ある日突然馬車に載せられ、『二度と帰ってくるな』との伝言付きで隣国に置き去りにされました。まぁ、そうなるだろうと分かっていて、私も抵抗しなかったのですが」


 レイは平然とそう口にし、クイっと紅茶を飲む。


「そんな……ひどいわ! レイは何も悪いことをしていないのに!」


 言いながら、ヘレナの瞳に涙が浮かぶ。レイの気持ちを考えると、胸がズキズキと痛み、苦しくなった。レイは小さく笑いつつ、ヘレナの手を握り返す。


「追放とはそういうものですよ。けれど、ありがとうございます。お嬢様にそう言っていただけるだけで、心が救われます」


 レイはそう言って笑うが、ヘレナは未だ納得がいかない。

 ヘレナはストラスベストに追放された時、途方もない気持ちに陥った。行く当てもなく、頼れる人もおらず、どうやって生きて行こうと――――これから生きて行けるのだろうかと、そう思った。
 そんな時、ヘレナの前にレイが現れた。レイが居たからヘレナは救われた。もしも彼があそこに居なかったら、ヘレナは絶望に呑み込まれていただろう。

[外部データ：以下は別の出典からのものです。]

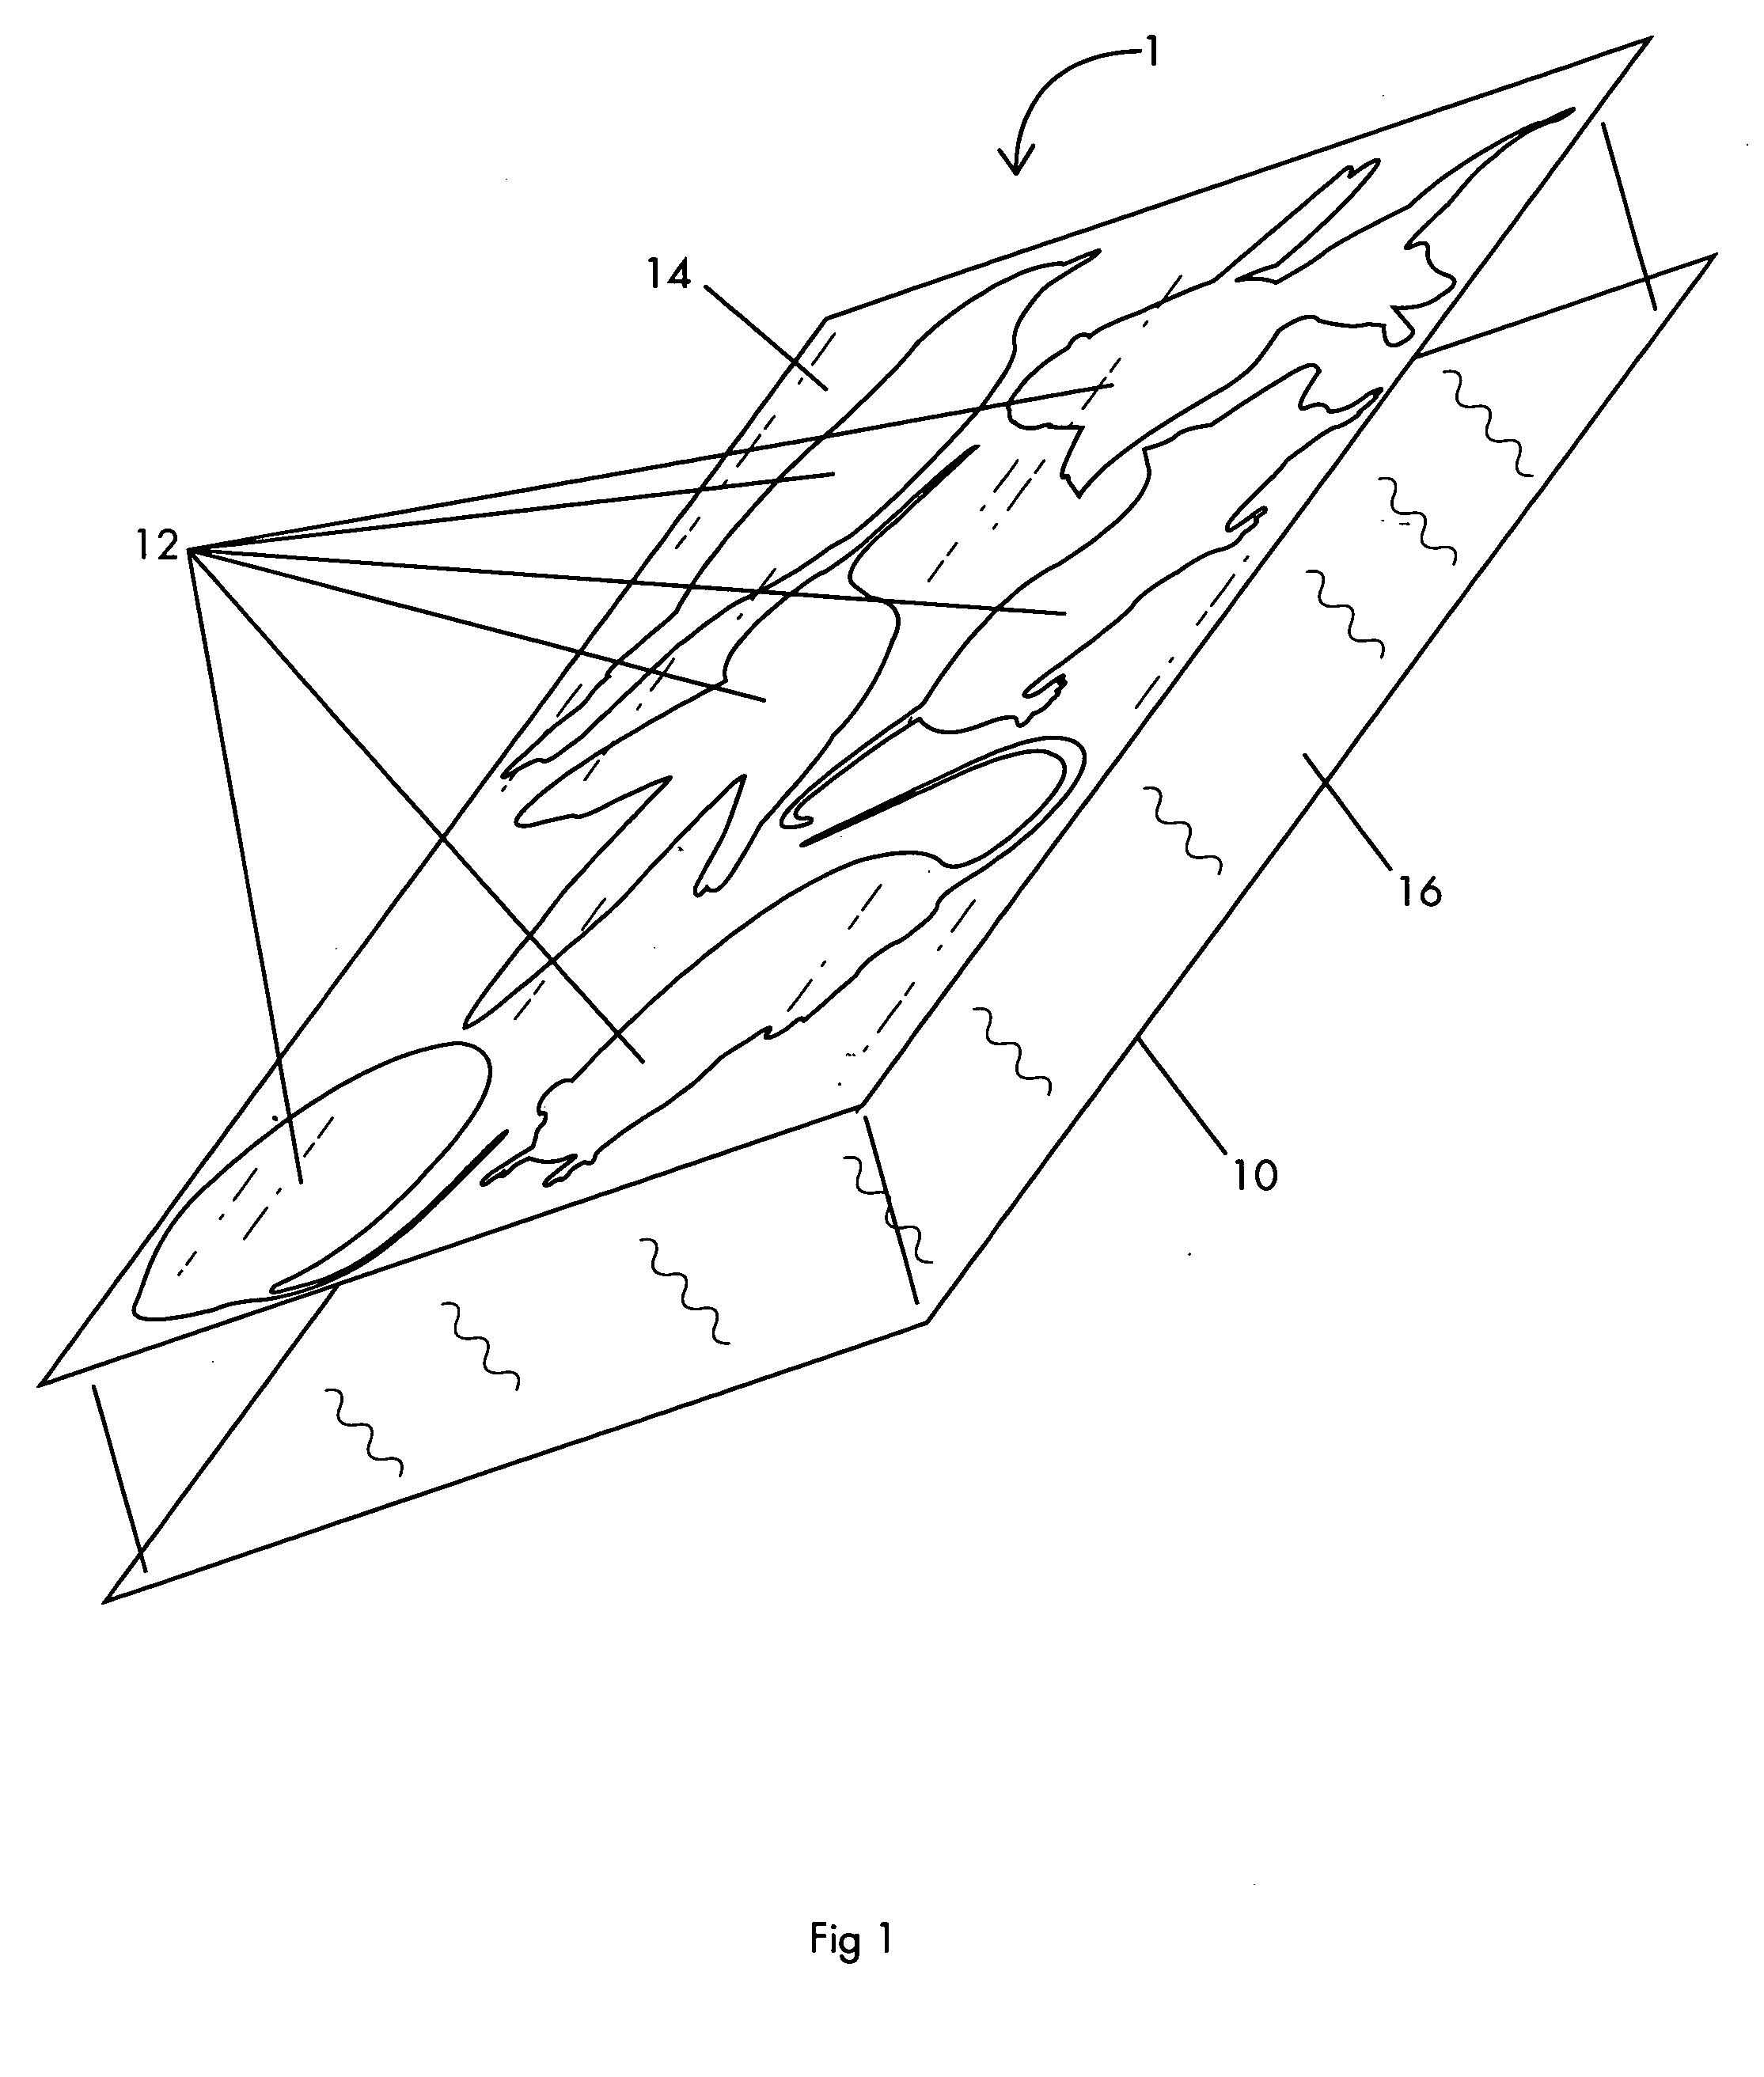 Composition of matter comprising edible surface and substrate, edible ink, non-toxic adhesive, and processed aromatic oil for attracting domesticated animals and process for making same
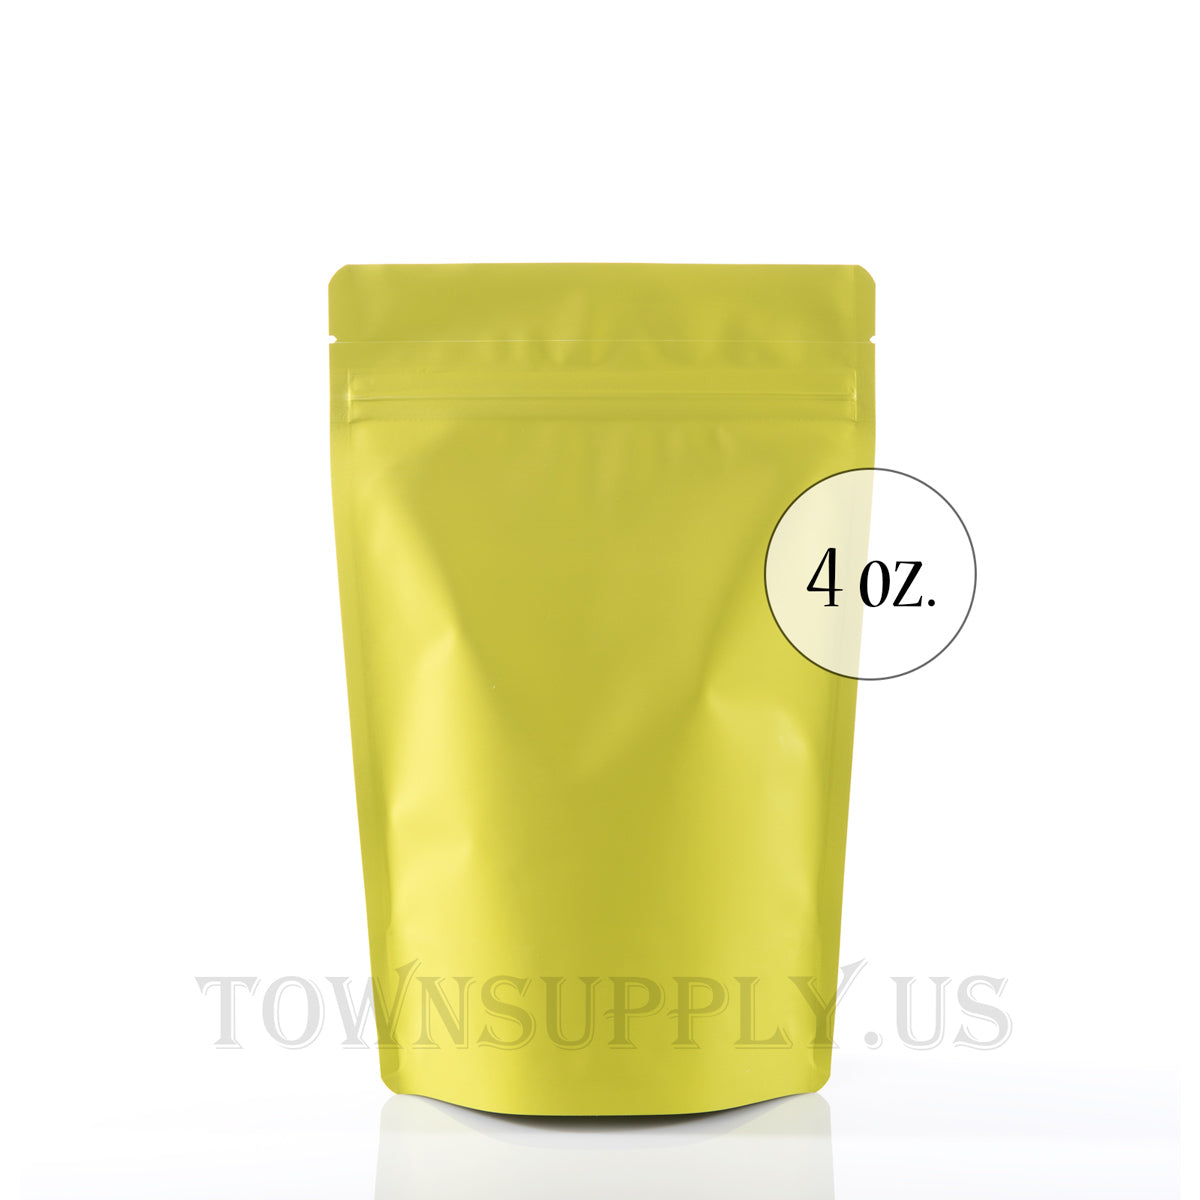 Southwest Polybag: 8oz (225g) Stand Up Zip Pouches - WITH VALVE

「そんなに泣かないでください。お嬢様の顔が腫れてしまいますよ?
第一、私は正妃様に感謝しているのです」


 レイはヘレナの涙を拭いつつ、穏やかに微笑む。


「感謝? 一体、どうして?」

「あの頃は、兄との王太子争いが激化していて、すごく居心地が悪かったのです。私自身に王位を継ぐ意思は無くとも、周りはそうじゃありませんでしたから。下手をすれば、本格的な内紛に陥る可能性だってありました。ですから、そうなる前に争いの火種を取り除いてくださった――――そう考えれば、正妃様の行いは正当化されても良いと思うのです」

「だけど……だけどレイは行く当てもなく、一人っきりで国外に置き去りにされたんでしょう? やっぱりわたしは納得できないわ。レイが……レイがあまりにも気の毒で――――――」


「いいえ、お嬢様。彼女のお陰で、私はお嬢様に出会えました」


 レイはそう言って笑みを浮かべた。今にも涙が零れ落ちそうな、幸せそうな笑みだった。ヘレナの心が大きく震える。レイはヘレナの背を撫でつつ、更に目を細めた。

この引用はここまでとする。